Saturday, June 23, 2012

Romance and Life Writing

When I first began life writing, I didn't really think that there was much romance as a genre could teach me.  I was incredibly wrong.

If you are ever interested in reading a terrific article outlining what romance is as a genre, then please read "The Basics of Romance" by Rita Clay Estrada and Rita Gallagher in The Complete Handbook of Novel Writing.  They do an excellent job of pointing out the story arc and characteristics that differentiate romance from the other fiction out there.  I will be going through their points in a moment to explain how these relate to your memoir in a moment.

Another terrific article which has relevance to our last assignment is "Emotion: Fiction's Connecting Link" by Kathy Jacobson and comes from the same book.  This article bridges that "show vs. tell" gap in a way that helps you know what to show and what to skip.  We'll look at pieces of this advice later.
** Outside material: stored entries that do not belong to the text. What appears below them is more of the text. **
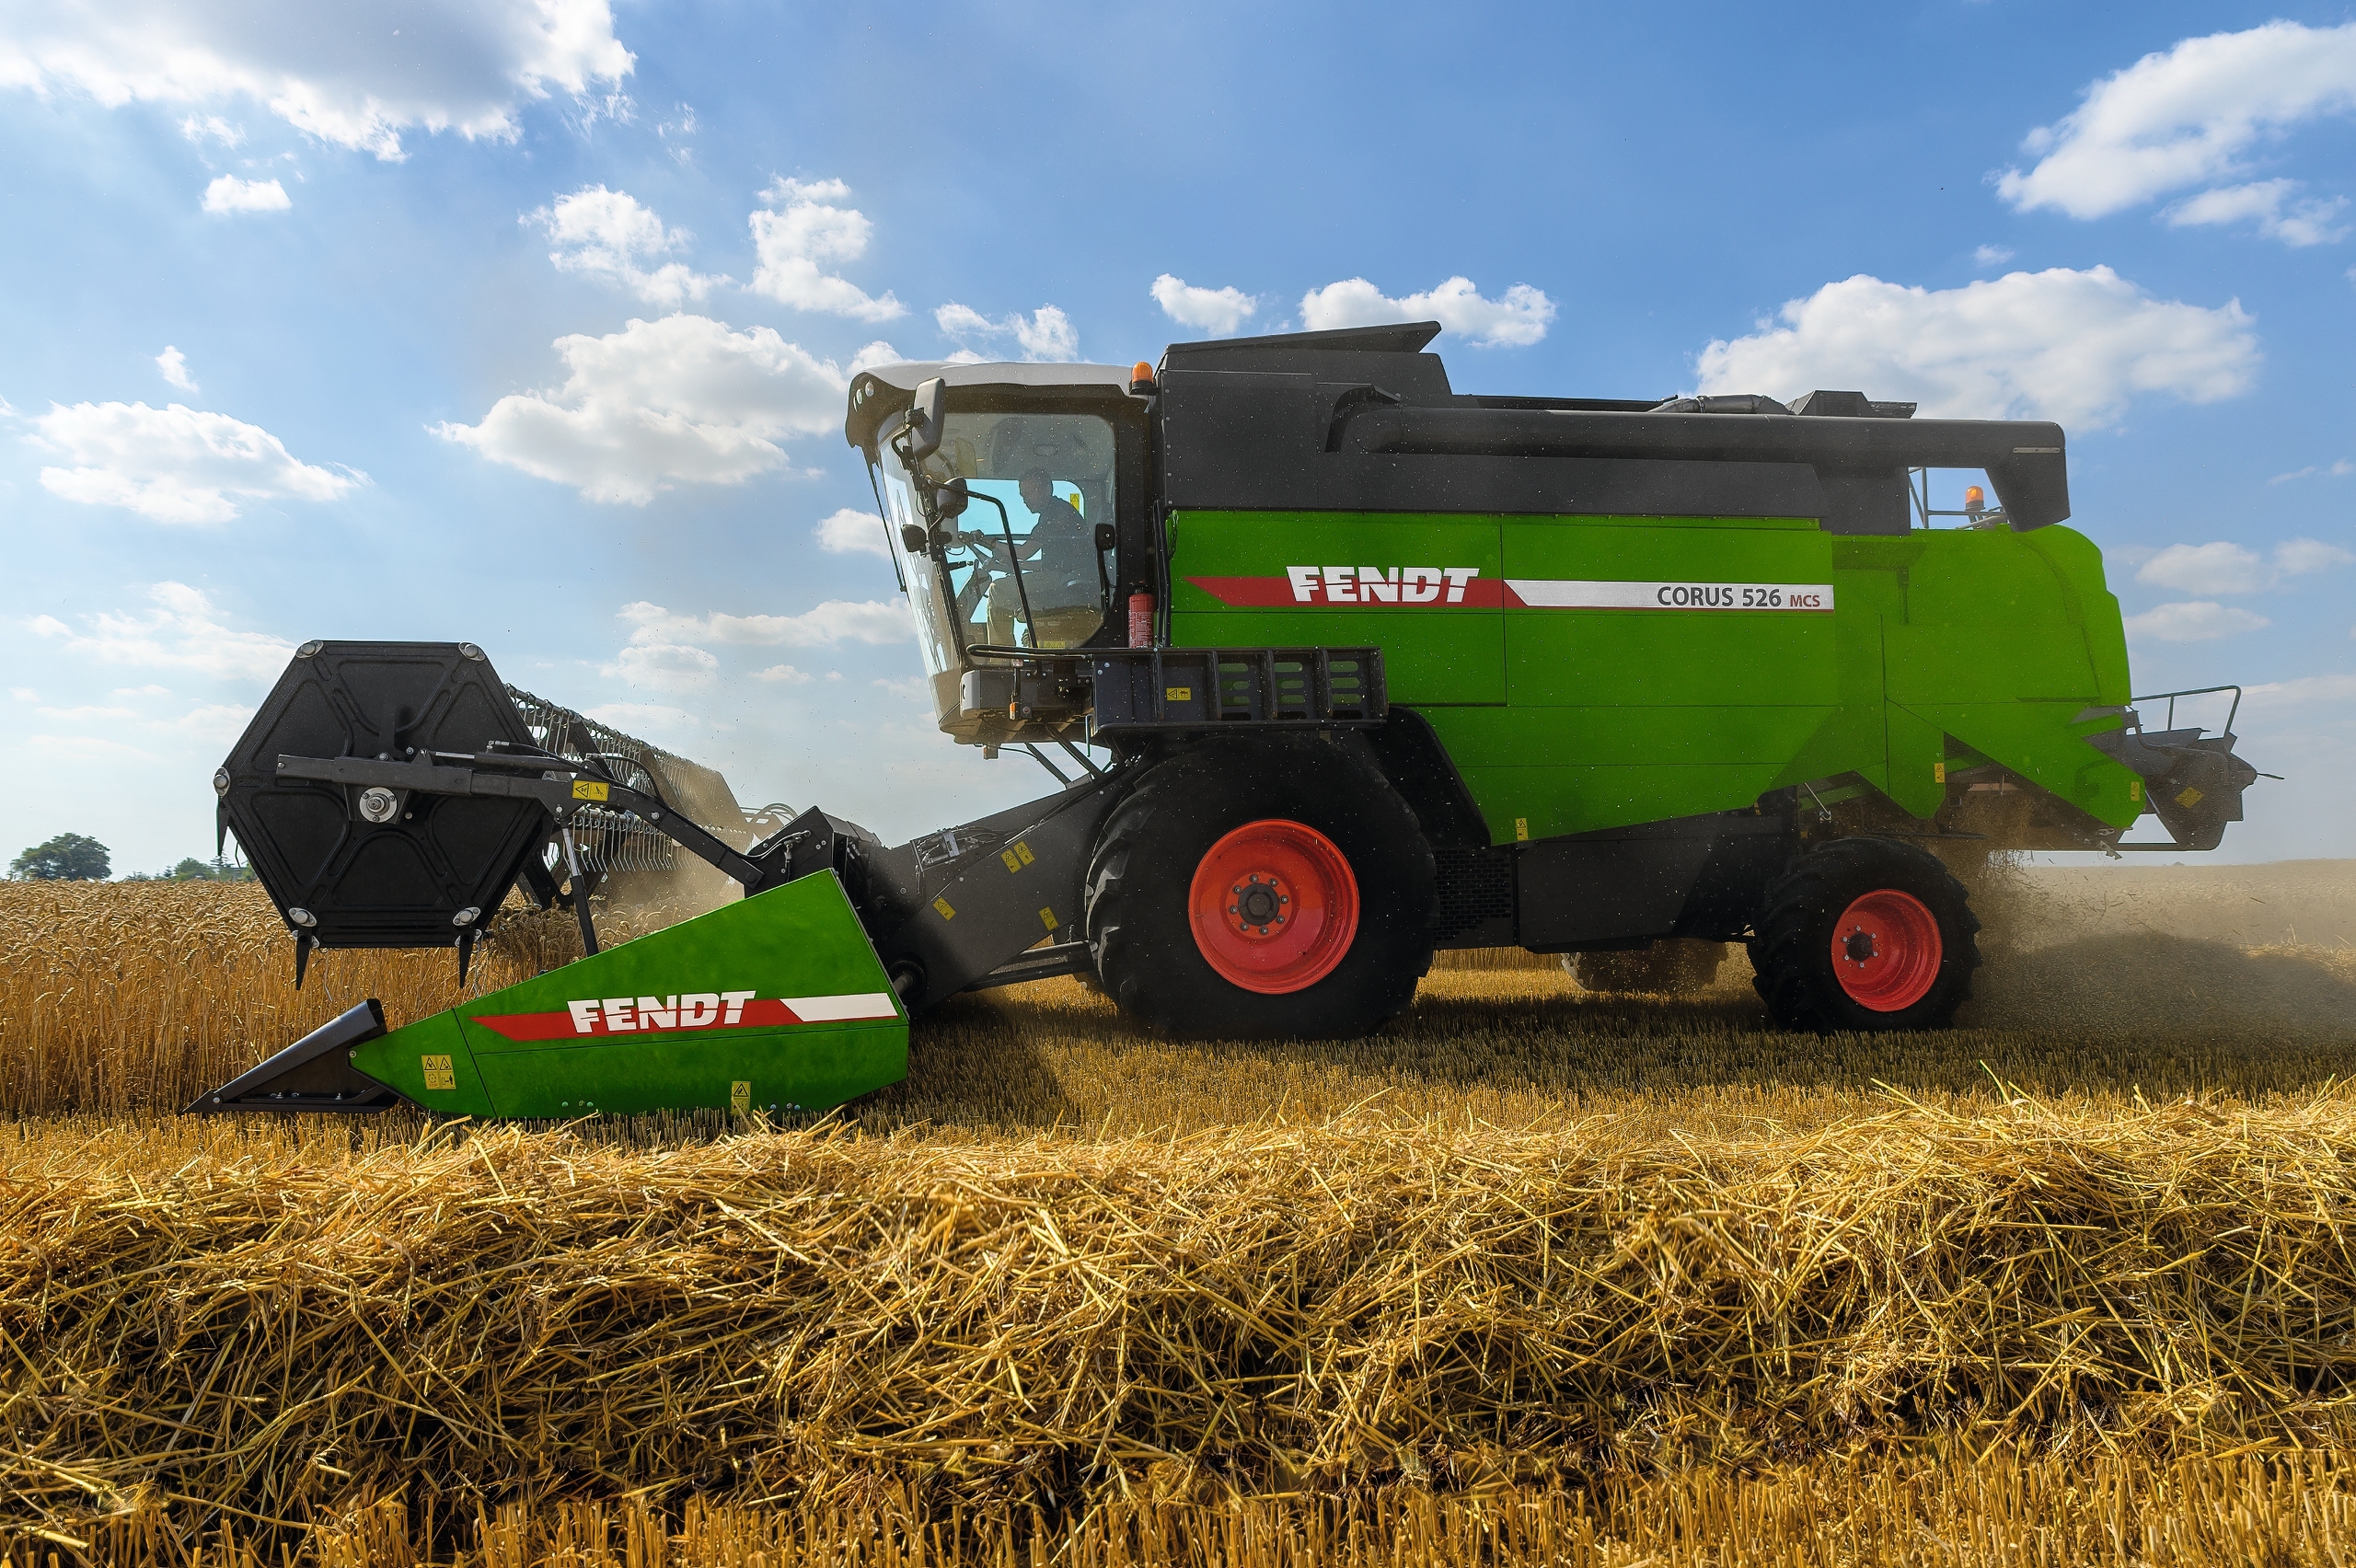 New series of Fendt straw walker combine harvesters - Aug. 26, 2022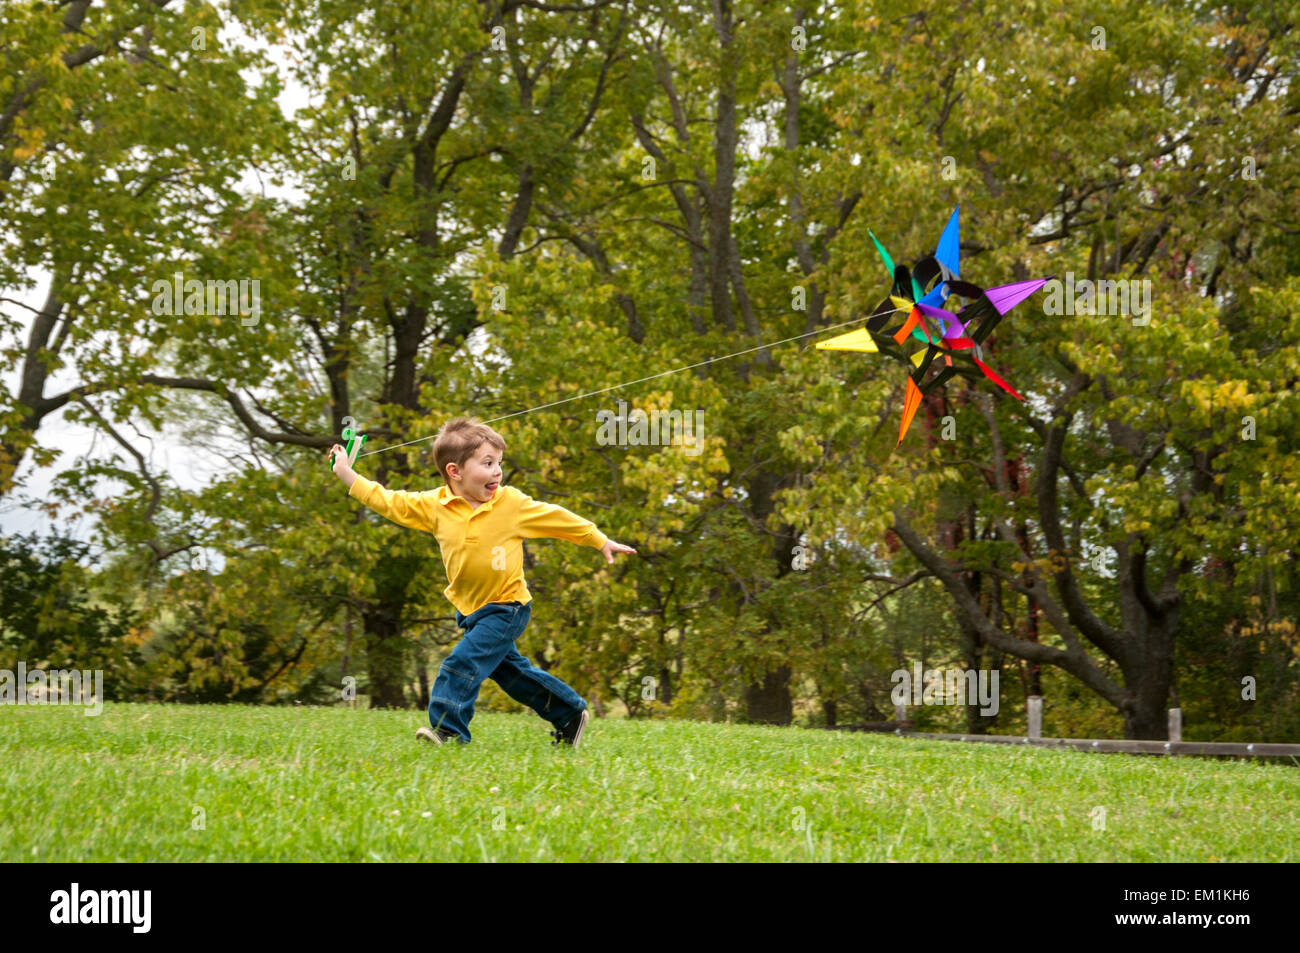 Boy running avec kite Banque D'Images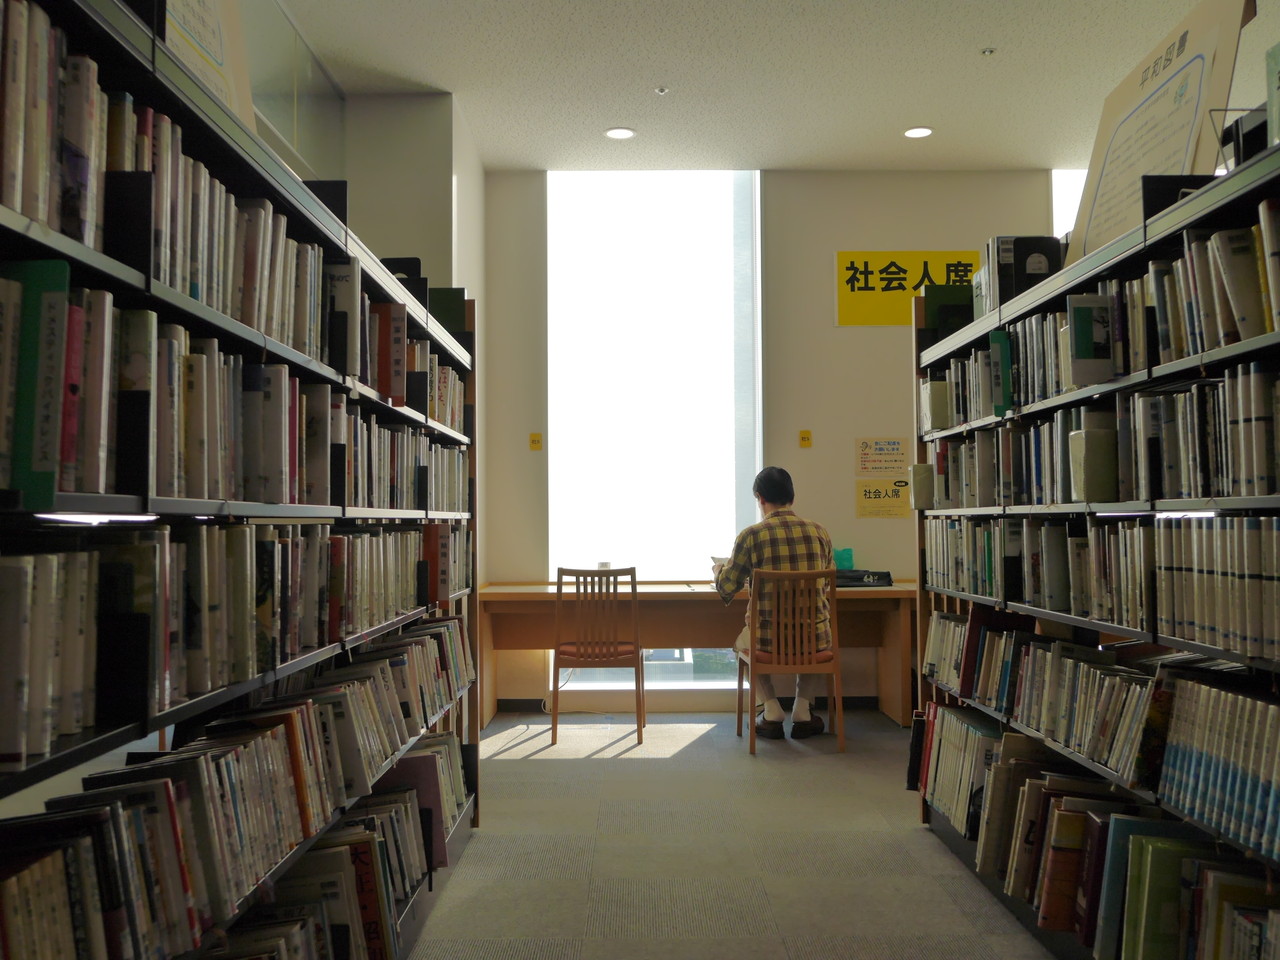 浦和パルコの超巨大図書館 さいたま市中央図書館を徹底解説 閲覧席豊富で勉強に最適 浦和裏日記 さいたま市の地域ブログ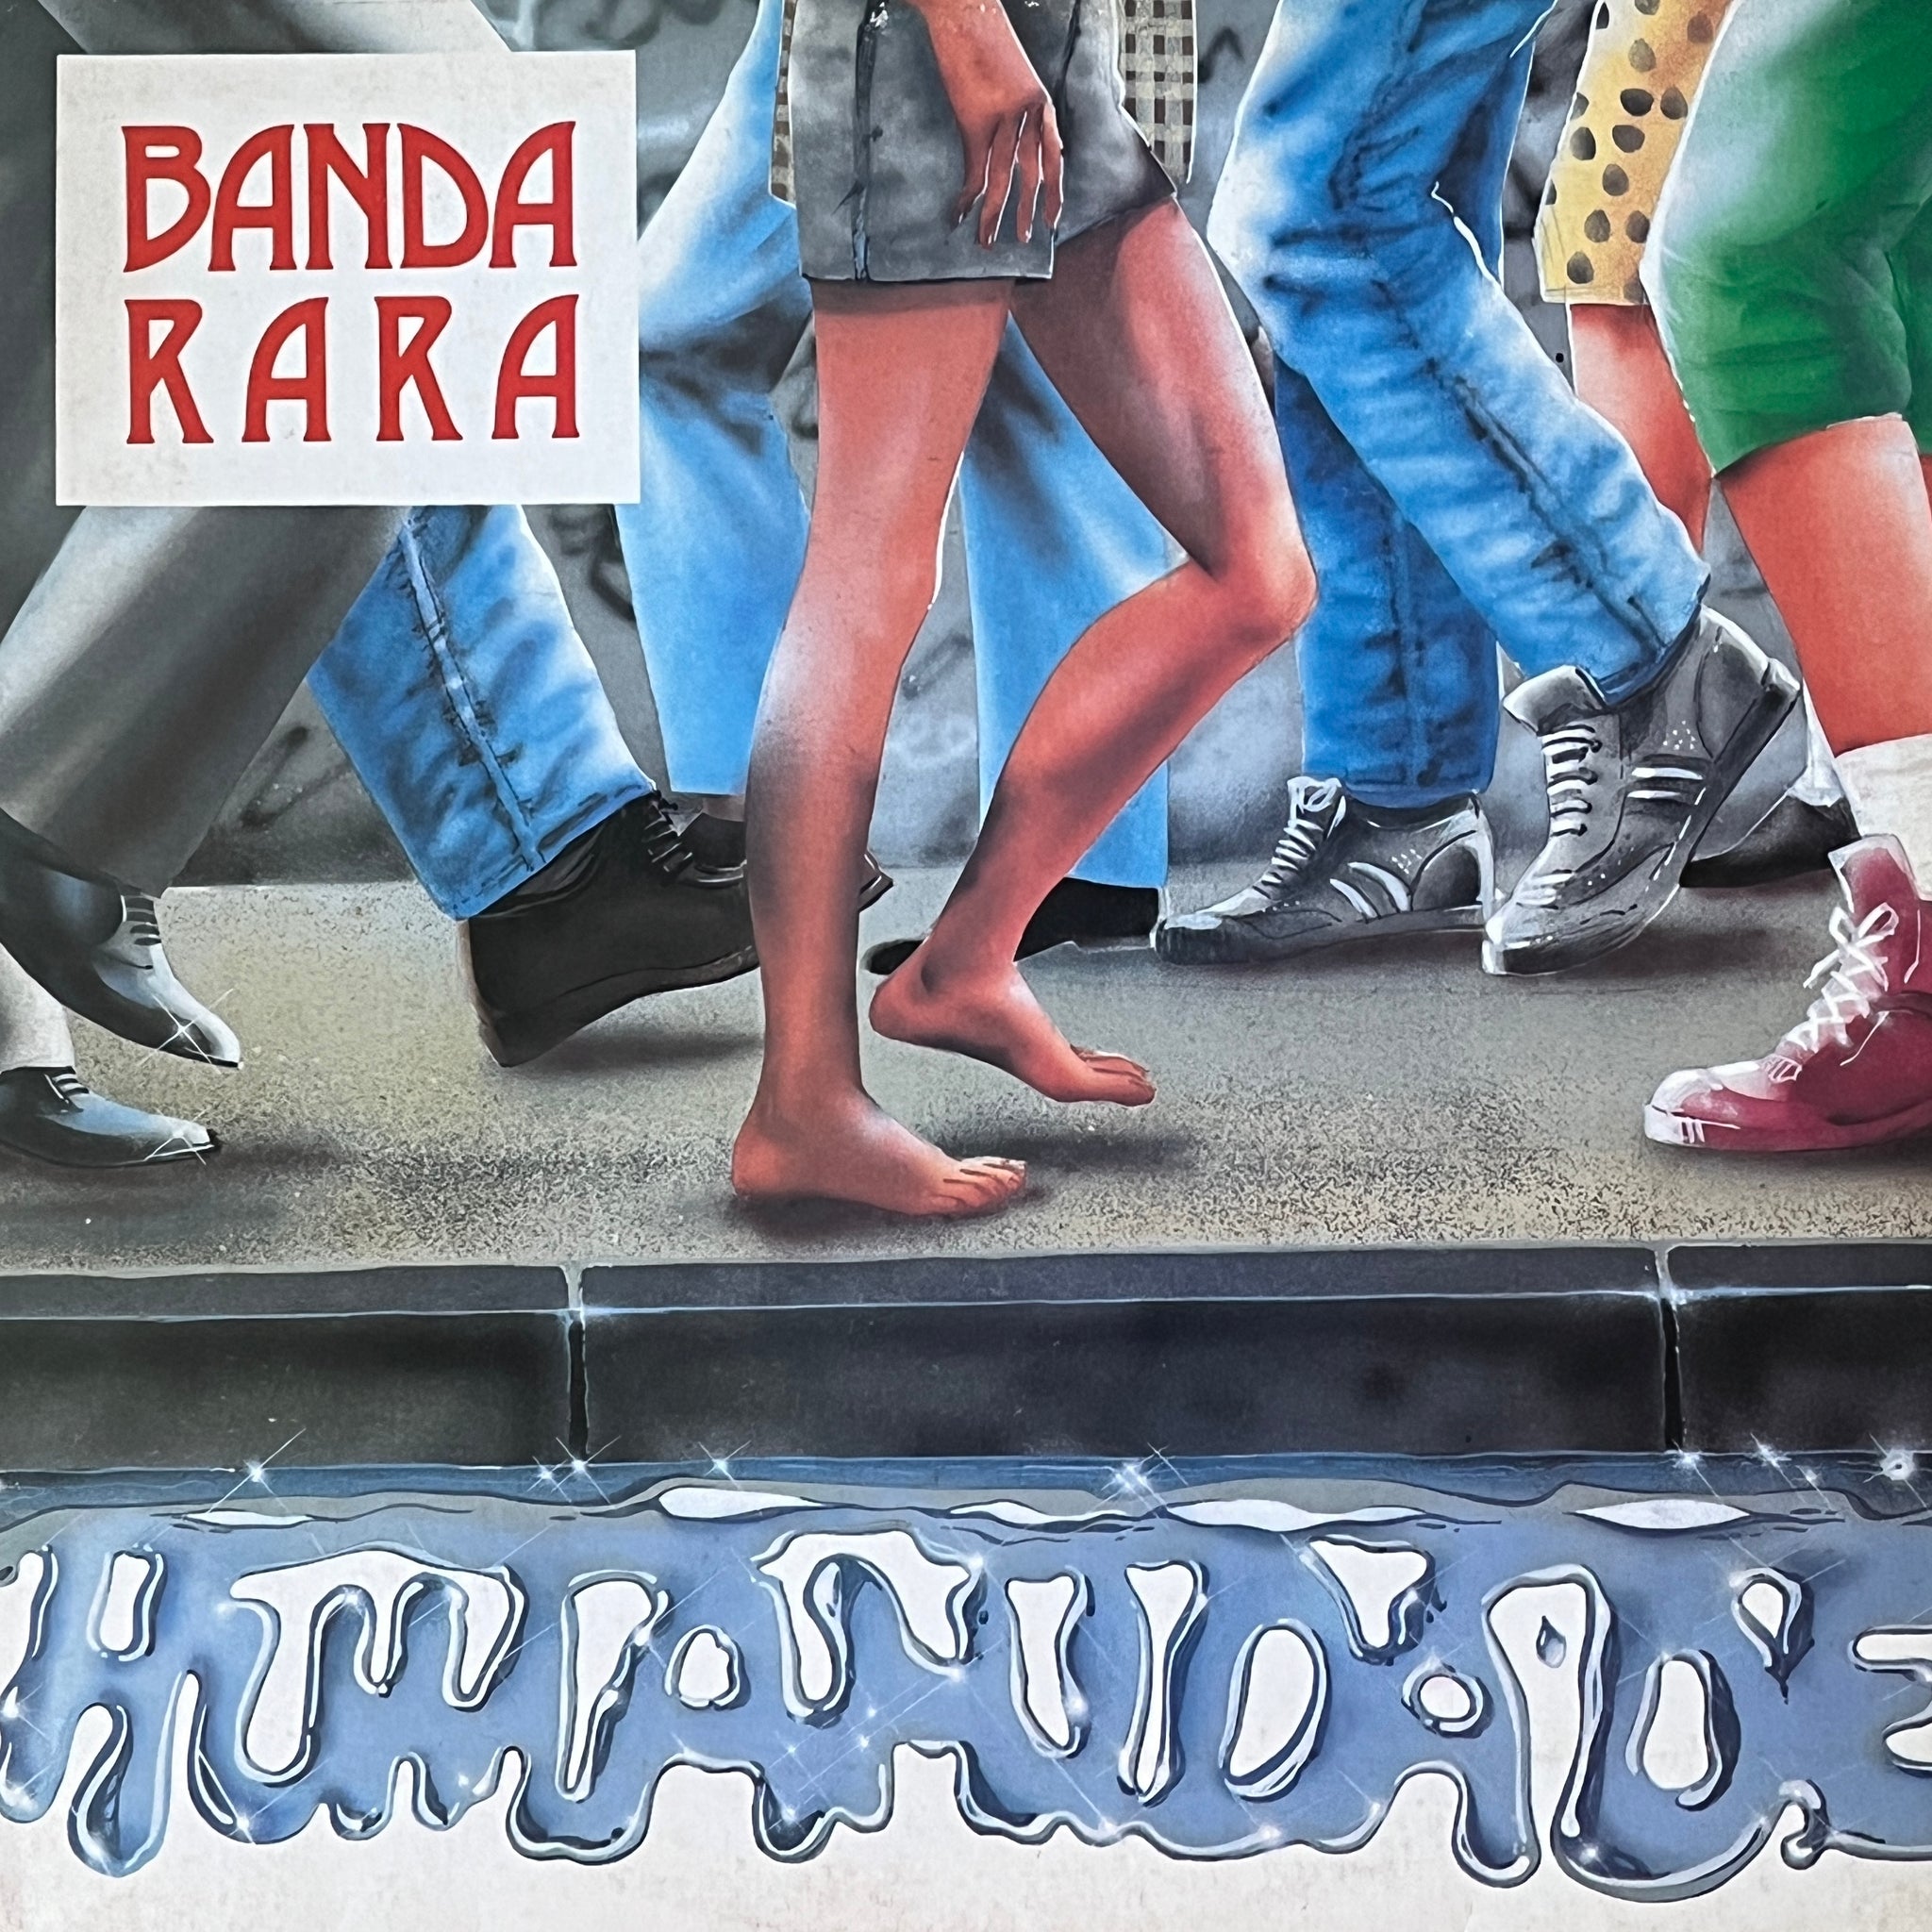 Banda Rara – Humanidade

But back to romance and your memoir...

What's it good for?

Essentially a romance is really a story about how two people come together.  They may be tied in many ways.  It may be a fairytale ending, or it may make Romeo and Juliet look positively optimistic.  But the basic plot of a traditional romance is simple, as explained by Estrada and Gallagher:

  1. Boy meets girl.

    We all know this part of the story.  Estrada and Gallagher make the important point that in a true romance, "there are no other men for here--just as, from that point on, there are no other women for him..." (sorry, I haven't figured out a way to get a page number on the Kindle, but it's 61% of the way through the book).

    The relation to your memoir?  Well, you don't need to be writing a romantic romance, but you need to pick the moment that you recognize that the person you have introduced will be important to your life.  In other words, you don't actually have to begin your romance with the moment you met this person, but with the moment that they became important to you.
  2. Boy and girl let their characters shine.

    Before we can care about them as a couple, we need to care about them individually.  Similarly, as you are writing about the development of the relationship you are writing about, you need to let us get to know the characters individually before we care about who they are together.
  3. Boy and girl overcome obstacles which stand in the way of their relationship.

    This last bit can take a whole variety of courses, but essentially, it boils down to what Estrada and Gallagher call sexual awareness and sexual tension.  In a memoir, however, if you are simply discussing the development of a relationship, this awareness and tension need not be explicitly sexual.  The four rules Estrada and Gallagher pose, however, still hold very well:

    1. From the first meeting, they are aware of one another.
    2. When discussing this relationship, spend time in the relationship.  Show scenes together or scenes in which each person is thinking about, preparing for, or learning about the other.
    3. Every scene should bring about a change in feeling.  Estrada and Gallagher suggest, "Their emotions should strengthen, shake, threaten, and, as the book progresses, solidify the relationship."  Now, you are writing memoir, not fiction, so your scenes need not solidify the relationship, but each scene you choose to show should reveal the why and how your relationship has become what it has.
    4. Estrada and Gallagher post the last of these rules as, "The senses of the hero and heroine are sharpened when they are together."  I don't know that I would go that far, but I would definitely say that there should be a qualitative difference in how you or the other person in the relationship thinks and acts when you are together.  In other words, I wouldn't say that your senses have sharpened but that they are qualitatively different--or perhaps the other person allows a space within which new things become safe or possible for you to try.
  4. Ever after.  Imply a future for your couple.  It does not need to be a happy future, but in order for us to feel resolution, we need to be pointed in some sort of direction.  And for that direction to feel satisfying and true, we need to have some preparation for it.  You need to have hinted you were heading that direction.  Of course, you could have thrown hints in all directions, and that's okay, too.  But we need to clearly know that there was some indication that we were going to head up in the place you suggest we will end up.
Do you have any relationships you can see this working for?  In my life, it definitely corresponds to the development of several friendships and in-law relationships.  In some ways, I can even see it working for understanding and bonding with my children.

So give it a try!  Soon, I will be posting on how Paedar's comment from the last post will work together with the emotional tension we want to achieve in romance.